Disease does not respond to the "unseen hand" of the market. Otherwise people would just stop getting cancer because it costs so much to treat.
Can you say sugar teat!
Actually, the free-market works great with health care and did so for decades before the 1930s and then again in the 1970s when government regulations and programs began to place certain pressures on the health care systems. The government bascially corporatized the health care systems to the point that real competition was squeezed out of the system. Additionally, government programs also led to a tightening of market forces in the system.

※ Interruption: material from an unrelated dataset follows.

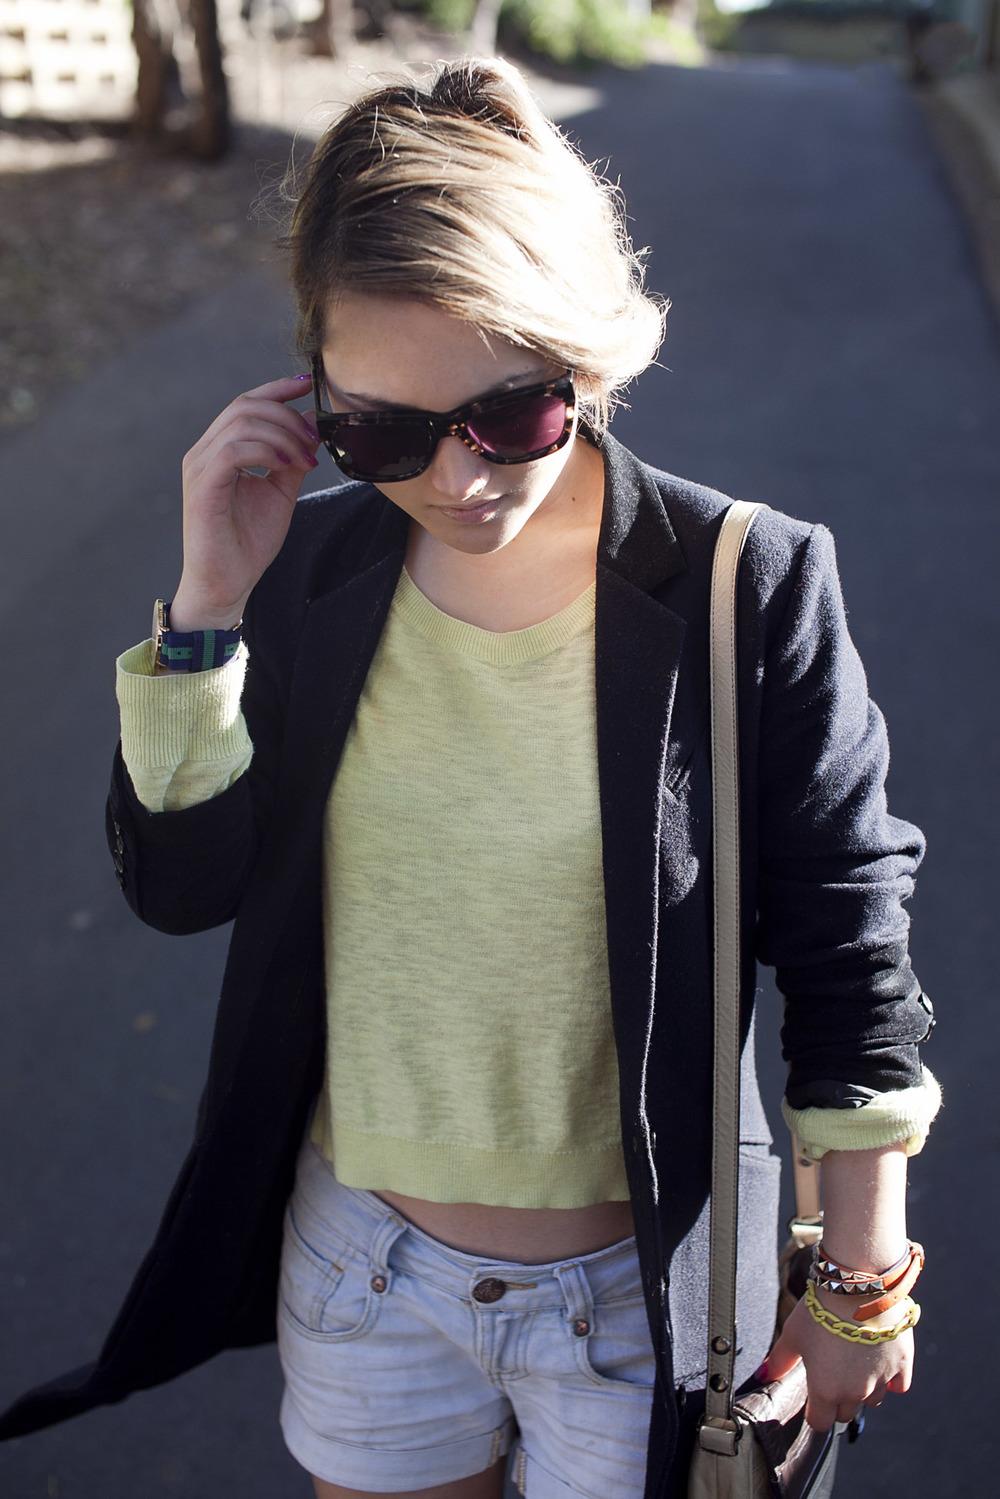 Daniel Wellington watch (gift) | Ksubi 'ara' sunglasses (gift)

Having worked for Wal-Mart, they continue to prove how a free-market can provide better than govt. Not the same since Mr. Sam, but still provides value. Sure they have faults and being the big kid on the block they will constantly be challenged by looters and valid complaints.
Socialism became popular in America shortly after the great depression. Polically it is an easy way to screw up an election to say hey, Herbert Hoover doesn't give a fnck about the average American, but Franklin Roosevelt does!
Also MLK jr was a socialist as well as many in the Civil Rights movement who saw it as necessary to keep the black man from getting taken advantage of.
"Socialism became popular in America shortly after the great depression. Polically it is an easy way to screw up an election to say hey, Herbert Hoover doesn't give a fnck about the average American, but Franklin Roosevelt does!"
Socialism (or really Fascism) was popular in America all throughout the 1920's, and was actually on the wane when FDR was elected. But there is very little difference, economically, between Hoover and FDR, except in degree.
They advocated the same policies, but FDR was able to ram more of them through and in greater size.